_The problem:_ The line containing "Bộ rửa mũi đã" marks the end: quote every line from the start of the records below through it, word for word.

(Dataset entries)
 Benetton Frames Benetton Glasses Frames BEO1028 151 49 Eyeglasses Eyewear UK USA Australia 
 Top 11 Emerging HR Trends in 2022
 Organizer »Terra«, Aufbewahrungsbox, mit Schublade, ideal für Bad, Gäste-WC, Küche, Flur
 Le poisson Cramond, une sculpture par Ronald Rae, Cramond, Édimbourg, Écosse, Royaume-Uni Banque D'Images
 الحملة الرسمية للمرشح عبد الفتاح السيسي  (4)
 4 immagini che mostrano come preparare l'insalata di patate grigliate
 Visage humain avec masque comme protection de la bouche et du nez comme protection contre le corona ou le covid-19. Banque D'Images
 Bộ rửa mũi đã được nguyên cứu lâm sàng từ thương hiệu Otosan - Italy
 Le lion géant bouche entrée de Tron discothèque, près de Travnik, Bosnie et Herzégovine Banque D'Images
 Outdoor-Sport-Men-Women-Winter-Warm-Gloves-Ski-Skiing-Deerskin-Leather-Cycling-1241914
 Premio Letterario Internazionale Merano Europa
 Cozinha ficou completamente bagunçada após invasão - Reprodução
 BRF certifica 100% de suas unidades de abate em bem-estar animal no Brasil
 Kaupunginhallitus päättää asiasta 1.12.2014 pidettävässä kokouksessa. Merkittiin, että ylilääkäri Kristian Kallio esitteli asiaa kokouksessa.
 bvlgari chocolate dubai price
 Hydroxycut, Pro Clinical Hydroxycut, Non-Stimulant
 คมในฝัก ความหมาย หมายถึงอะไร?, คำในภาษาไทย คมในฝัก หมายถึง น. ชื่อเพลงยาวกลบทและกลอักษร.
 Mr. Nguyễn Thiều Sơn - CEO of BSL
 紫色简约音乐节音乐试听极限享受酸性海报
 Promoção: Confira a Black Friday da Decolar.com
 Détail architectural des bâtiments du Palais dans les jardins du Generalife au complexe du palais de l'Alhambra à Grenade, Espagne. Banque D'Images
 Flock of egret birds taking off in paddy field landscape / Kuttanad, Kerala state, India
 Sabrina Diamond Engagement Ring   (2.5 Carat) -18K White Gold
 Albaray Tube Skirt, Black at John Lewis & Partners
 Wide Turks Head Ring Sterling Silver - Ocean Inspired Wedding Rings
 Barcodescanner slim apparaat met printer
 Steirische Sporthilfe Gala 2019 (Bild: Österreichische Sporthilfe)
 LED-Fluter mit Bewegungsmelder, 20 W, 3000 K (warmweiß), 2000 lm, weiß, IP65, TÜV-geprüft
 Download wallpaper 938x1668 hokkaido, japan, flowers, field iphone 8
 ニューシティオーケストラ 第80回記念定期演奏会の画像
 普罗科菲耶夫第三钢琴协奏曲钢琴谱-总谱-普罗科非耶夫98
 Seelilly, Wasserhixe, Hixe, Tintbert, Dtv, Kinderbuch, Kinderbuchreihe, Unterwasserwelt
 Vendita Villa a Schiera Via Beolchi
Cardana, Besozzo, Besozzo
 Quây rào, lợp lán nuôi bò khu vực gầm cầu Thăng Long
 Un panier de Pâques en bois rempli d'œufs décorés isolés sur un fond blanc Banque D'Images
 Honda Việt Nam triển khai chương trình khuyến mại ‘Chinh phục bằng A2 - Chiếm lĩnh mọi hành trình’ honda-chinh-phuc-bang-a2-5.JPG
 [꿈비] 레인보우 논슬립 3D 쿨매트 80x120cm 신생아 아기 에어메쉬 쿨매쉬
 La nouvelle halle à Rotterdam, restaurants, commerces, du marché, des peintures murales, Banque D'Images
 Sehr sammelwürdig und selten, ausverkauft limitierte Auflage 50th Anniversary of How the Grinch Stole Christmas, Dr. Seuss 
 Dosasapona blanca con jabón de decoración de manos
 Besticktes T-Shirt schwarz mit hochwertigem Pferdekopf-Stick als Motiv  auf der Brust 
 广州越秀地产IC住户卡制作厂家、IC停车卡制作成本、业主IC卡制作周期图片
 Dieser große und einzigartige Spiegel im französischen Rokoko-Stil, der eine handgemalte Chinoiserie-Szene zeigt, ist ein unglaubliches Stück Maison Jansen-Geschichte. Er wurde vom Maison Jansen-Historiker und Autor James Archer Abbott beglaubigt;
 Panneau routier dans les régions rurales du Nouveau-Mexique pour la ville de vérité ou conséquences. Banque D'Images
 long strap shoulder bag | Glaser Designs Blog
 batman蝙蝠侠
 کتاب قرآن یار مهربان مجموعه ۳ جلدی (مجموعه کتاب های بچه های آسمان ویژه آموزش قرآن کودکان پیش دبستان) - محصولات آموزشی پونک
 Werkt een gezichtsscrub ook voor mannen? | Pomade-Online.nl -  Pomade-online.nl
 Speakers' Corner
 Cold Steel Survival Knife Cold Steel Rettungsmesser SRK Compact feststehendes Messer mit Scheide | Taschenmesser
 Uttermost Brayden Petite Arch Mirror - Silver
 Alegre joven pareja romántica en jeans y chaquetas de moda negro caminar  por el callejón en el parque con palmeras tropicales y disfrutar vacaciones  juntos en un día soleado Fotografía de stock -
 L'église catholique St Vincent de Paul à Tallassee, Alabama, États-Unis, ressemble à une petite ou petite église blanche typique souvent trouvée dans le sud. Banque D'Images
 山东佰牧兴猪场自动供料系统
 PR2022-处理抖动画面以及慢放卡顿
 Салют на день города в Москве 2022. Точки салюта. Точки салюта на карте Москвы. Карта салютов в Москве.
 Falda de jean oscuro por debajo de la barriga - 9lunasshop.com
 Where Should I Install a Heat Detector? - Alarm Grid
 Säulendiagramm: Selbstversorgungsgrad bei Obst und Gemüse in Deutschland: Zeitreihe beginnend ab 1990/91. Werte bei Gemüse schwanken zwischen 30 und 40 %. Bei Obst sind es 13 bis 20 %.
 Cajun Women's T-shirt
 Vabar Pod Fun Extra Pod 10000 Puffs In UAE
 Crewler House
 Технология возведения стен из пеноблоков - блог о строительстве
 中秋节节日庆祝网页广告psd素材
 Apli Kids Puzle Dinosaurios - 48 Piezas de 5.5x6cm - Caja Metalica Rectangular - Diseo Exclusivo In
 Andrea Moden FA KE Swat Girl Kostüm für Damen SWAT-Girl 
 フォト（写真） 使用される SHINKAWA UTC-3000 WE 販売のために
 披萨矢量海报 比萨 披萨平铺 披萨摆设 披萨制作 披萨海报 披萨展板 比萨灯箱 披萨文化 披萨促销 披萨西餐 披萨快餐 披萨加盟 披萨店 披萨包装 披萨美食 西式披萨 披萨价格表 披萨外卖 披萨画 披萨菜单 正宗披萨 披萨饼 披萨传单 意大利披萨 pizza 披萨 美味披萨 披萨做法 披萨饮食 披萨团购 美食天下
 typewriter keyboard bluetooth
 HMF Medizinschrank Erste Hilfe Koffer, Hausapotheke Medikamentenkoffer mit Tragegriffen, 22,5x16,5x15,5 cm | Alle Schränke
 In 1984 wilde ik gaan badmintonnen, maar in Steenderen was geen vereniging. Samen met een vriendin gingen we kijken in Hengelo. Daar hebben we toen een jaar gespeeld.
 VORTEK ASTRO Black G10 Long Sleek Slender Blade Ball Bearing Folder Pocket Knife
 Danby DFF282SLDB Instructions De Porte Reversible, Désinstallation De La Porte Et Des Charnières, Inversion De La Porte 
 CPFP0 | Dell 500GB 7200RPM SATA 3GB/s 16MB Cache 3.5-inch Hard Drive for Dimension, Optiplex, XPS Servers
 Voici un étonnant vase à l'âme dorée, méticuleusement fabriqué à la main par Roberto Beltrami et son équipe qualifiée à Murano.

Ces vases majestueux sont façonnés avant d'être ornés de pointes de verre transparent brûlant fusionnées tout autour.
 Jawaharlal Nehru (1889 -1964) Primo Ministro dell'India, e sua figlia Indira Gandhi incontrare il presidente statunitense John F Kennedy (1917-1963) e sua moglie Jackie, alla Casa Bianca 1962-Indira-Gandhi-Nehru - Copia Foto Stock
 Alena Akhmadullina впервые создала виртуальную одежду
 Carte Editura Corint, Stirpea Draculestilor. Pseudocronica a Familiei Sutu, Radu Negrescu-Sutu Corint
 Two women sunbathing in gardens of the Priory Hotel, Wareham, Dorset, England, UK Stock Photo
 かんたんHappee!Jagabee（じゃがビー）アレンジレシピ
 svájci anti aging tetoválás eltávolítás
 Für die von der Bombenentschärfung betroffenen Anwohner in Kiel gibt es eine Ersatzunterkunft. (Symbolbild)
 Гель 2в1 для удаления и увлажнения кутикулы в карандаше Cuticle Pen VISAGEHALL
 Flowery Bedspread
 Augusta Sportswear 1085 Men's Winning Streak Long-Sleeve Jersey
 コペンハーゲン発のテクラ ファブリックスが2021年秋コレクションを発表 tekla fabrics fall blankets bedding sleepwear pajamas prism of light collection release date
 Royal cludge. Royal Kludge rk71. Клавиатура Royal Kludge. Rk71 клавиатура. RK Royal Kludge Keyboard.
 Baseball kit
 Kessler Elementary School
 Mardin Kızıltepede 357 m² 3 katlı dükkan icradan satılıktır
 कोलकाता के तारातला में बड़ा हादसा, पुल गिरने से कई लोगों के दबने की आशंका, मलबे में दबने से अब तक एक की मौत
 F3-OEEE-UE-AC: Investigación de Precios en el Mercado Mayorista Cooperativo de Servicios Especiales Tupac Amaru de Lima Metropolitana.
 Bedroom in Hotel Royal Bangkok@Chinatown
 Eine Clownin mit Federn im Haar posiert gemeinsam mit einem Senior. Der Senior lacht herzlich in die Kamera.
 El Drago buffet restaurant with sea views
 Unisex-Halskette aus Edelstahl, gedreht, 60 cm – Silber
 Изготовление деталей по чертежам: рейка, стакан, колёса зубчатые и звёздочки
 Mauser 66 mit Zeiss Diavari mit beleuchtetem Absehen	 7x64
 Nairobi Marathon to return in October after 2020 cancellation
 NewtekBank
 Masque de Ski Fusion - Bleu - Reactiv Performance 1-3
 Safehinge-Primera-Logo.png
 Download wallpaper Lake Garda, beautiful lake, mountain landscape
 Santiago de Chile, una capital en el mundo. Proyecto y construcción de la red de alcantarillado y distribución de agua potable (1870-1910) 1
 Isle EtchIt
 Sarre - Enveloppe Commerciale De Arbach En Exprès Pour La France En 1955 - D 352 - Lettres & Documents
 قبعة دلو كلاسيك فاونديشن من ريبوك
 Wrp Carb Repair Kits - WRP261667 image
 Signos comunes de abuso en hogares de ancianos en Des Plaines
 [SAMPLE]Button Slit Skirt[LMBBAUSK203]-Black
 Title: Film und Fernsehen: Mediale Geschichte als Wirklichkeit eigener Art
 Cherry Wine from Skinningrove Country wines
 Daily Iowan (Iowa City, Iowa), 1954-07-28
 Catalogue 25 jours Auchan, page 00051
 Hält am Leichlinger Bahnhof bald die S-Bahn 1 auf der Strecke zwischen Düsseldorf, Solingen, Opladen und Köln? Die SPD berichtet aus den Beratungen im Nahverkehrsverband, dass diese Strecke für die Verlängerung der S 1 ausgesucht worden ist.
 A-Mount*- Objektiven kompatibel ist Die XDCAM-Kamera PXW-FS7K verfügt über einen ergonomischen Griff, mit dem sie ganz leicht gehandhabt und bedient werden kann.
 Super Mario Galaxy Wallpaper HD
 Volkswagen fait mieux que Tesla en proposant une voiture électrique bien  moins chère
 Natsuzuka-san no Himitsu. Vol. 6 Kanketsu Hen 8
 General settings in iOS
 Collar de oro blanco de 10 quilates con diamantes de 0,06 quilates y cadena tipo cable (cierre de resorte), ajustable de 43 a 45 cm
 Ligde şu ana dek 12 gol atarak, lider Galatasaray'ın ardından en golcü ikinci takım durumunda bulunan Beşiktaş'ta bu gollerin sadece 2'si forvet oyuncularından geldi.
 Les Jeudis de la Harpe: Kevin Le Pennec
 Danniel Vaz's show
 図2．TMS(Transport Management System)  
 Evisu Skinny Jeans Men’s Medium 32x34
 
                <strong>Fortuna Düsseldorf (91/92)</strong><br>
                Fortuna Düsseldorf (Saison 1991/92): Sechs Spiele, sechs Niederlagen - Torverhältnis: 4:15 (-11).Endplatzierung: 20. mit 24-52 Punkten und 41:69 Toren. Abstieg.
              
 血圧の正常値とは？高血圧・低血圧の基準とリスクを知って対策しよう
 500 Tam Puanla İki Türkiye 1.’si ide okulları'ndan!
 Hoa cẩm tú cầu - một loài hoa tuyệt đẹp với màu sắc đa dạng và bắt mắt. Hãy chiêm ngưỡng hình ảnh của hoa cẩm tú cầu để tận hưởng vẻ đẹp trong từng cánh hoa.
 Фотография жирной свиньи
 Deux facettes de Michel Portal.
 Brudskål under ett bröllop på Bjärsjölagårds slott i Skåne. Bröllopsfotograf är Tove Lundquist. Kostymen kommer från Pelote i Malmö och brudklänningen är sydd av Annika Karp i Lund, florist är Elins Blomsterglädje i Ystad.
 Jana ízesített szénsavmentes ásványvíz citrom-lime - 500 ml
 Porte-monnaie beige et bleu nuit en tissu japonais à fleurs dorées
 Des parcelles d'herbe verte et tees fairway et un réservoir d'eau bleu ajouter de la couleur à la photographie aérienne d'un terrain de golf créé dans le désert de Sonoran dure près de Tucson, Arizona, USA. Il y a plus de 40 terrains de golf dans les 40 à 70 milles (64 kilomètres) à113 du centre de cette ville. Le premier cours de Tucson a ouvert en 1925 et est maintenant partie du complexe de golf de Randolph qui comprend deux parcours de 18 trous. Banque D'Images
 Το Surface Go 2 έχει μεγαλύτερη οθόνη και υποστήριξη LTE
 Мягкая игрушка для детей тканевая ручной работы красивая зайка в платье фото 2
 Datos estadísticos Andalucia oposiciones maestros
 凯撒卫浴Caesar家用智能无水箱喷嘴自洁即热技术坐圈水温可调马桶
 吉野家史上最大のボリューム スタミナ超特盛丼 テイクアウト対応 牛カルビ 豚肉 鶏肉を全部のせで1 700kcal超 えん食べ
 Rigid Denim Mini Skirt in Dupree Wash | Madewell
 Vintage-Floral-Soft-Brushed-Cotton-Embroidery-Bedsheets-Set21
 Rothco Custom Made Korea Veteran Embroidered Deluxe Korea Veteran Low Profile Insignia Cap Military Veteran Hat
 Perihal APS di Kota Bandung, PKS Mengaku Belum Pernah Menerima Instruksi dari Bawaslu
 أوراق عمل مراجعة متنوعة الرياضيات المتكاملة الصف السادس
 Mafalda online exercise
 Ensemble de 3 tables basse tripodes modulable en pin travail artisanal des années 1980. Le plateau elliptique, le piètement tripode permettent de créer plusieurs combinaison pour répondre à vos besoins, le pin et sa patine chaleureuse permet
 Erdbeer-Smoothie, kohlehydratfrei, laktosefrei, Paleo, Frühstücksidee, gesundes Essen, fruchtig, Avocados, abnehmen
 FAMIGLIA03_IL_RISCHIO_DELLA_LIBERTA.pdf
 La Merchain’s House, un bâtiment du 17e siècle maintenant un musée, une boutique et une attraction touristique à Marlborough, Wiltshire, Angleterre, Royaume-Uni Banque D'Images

_Response:_
 Benetton Frames Benetton Glasses Frames BEO1028 151 49 Eyeglasses Eyewear UK USA Australia 
 Top 11 Emerging HR Trends in 2022
 Organizer »Terra«, Aufbewahrungsbox, mit Schublade, ideal für Bad, Gäste-WC, Küche, Flur
 Le poisson Cramond, une sculpture par Ronald Rae, Cramond, Édimbourg, Écosse, Royaume-Uni Banque D'Images
 الحملة الرسمية للمرشح عبد الفتاح السيسي  (4)
 4 immagini che mostrano come preparare l'insalata di patate grigliate
 Visage humain avec masque comme protection de la bouche et du nez comme protection contre le corona ou le covid-19. Banque D'Images
 Bộ rửa mũi đã được nguyên cứu lâm sàng từ thương hiệu Otosan - Italy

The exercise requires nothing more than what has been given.